How would you feel having real life fears of the Boogeyman come to life as a child, go away and come back to you as an an adult to terrorize you mentally?
“It’s sort of like a horror movie mixtape,” director Osgood Perkins says, describing his film. “This movie really does have kind of everything in it when it comes to the expectations of the genre. There’s an axe massacre. There’s a serial killer. There’s the devil. There’s the FBI. There’s creepy dolls. There’s creepy barns. So it really has this kind of milkshake quality to it of having everything in it.”
Longlegs tells the story of Lee Harker (Maika Monroe), a brand new-ish FBI agent who lives in the rainforest of Oregon. In her earliest days on the job, she susses out a murder perp through an uncanny level of perception. That hunch leads her down a rabbit hole of clues that ultimately bring her right home revealing more than she bargained for. Feeling like a spin on Silence of the Lambs, there are more twists and turns than the Pacific Coast Highway.
Perkins’ use of color and aesthetics is exquisite. The opening sequence starts out in red, slowing melting to black and white until landing in color on a little girl in pigtails living in a white house. Split into three chapters, audiences goes on this ride with Lee from the criminal’s letters to realizing all his crimes land on a specific day of the month.

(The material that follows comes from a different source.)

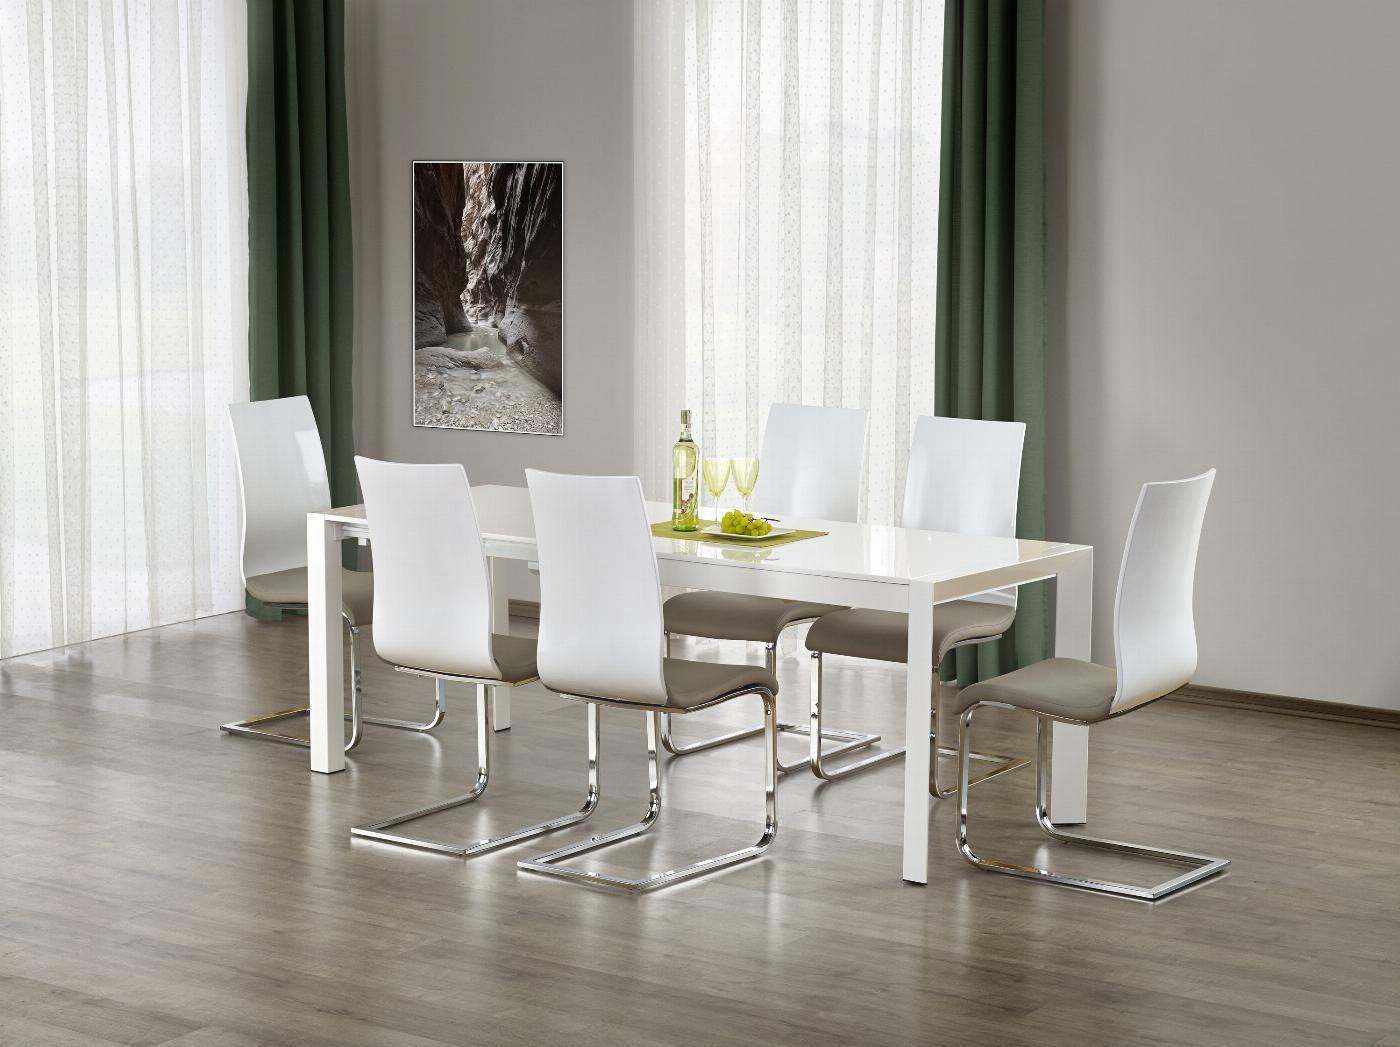 STANFORD XL stół rozkładany biały (2p=1szt)
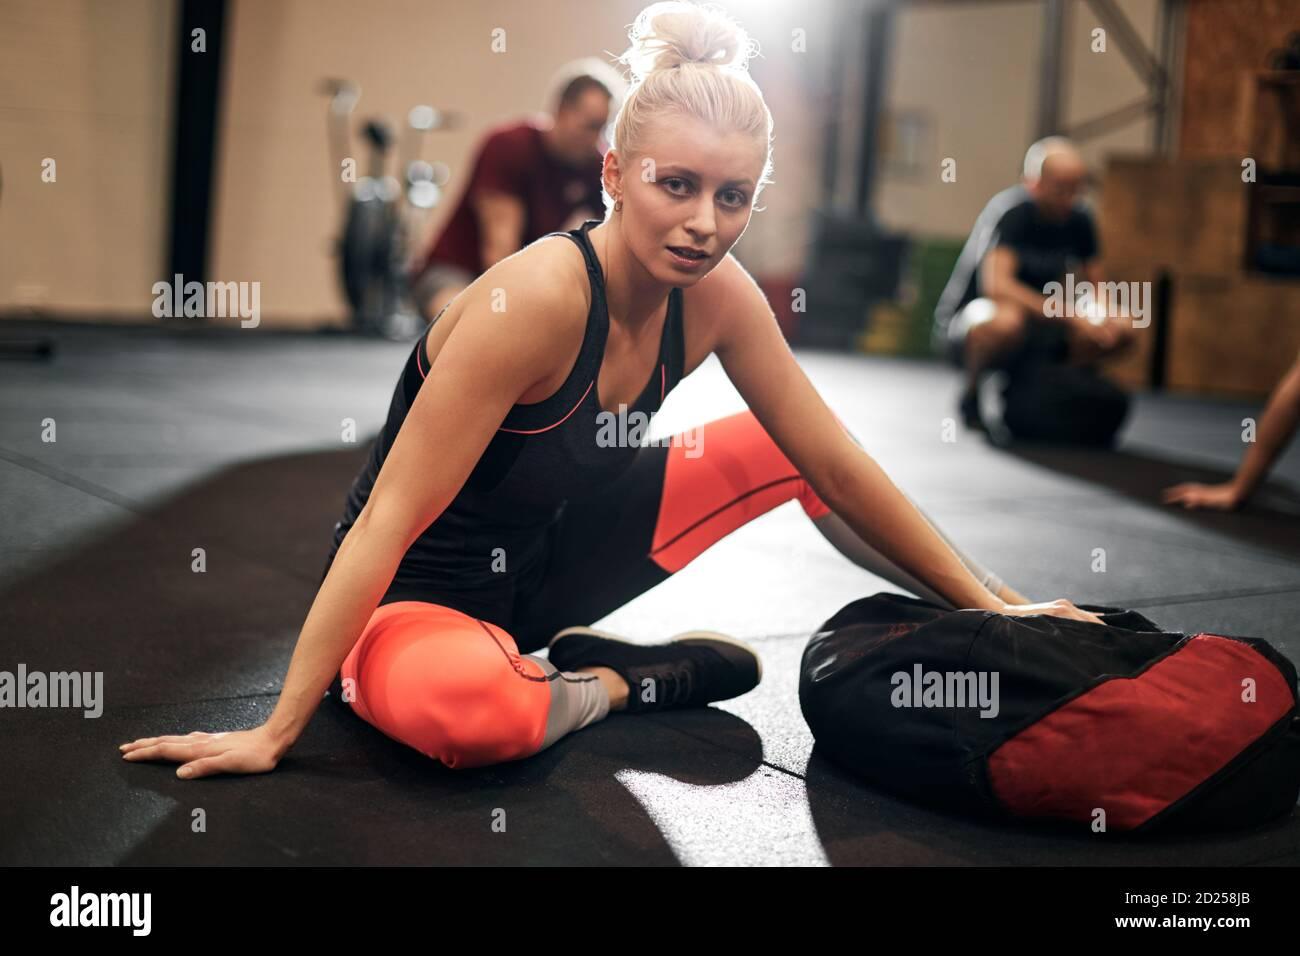 Mettre en forme une jeune femme dans des vêtements de sport assis sur un sol de salle de sport après un cours d'exercice avec un sac de poids Banque D'Images

Every performance is spot on. Maika Monroe excels as harker making her a human pressure cooker within seconds of boiling over. Nicholas Cage, known for taking on usual characterizations for the screen, is particularly disturbing. Almost recognizable, he is as creepy as they come and is very gifted at portraying wonderfully tortured souls – with Ronny Cammareri in Moonstruck being one of them. Yet, the most surprising cast member was Blair Underwood seemingly stepping outside his comfort zone and I was there for all of it
I jumped, gasped, laughed and was mostly intrigued by Longlegs and you mostly likely will be as well. Even though it reaches back to a story that feels familiar yet different – with elements of devil worship at the core of the story, this flick had me with one eye open and the lights on for a few days.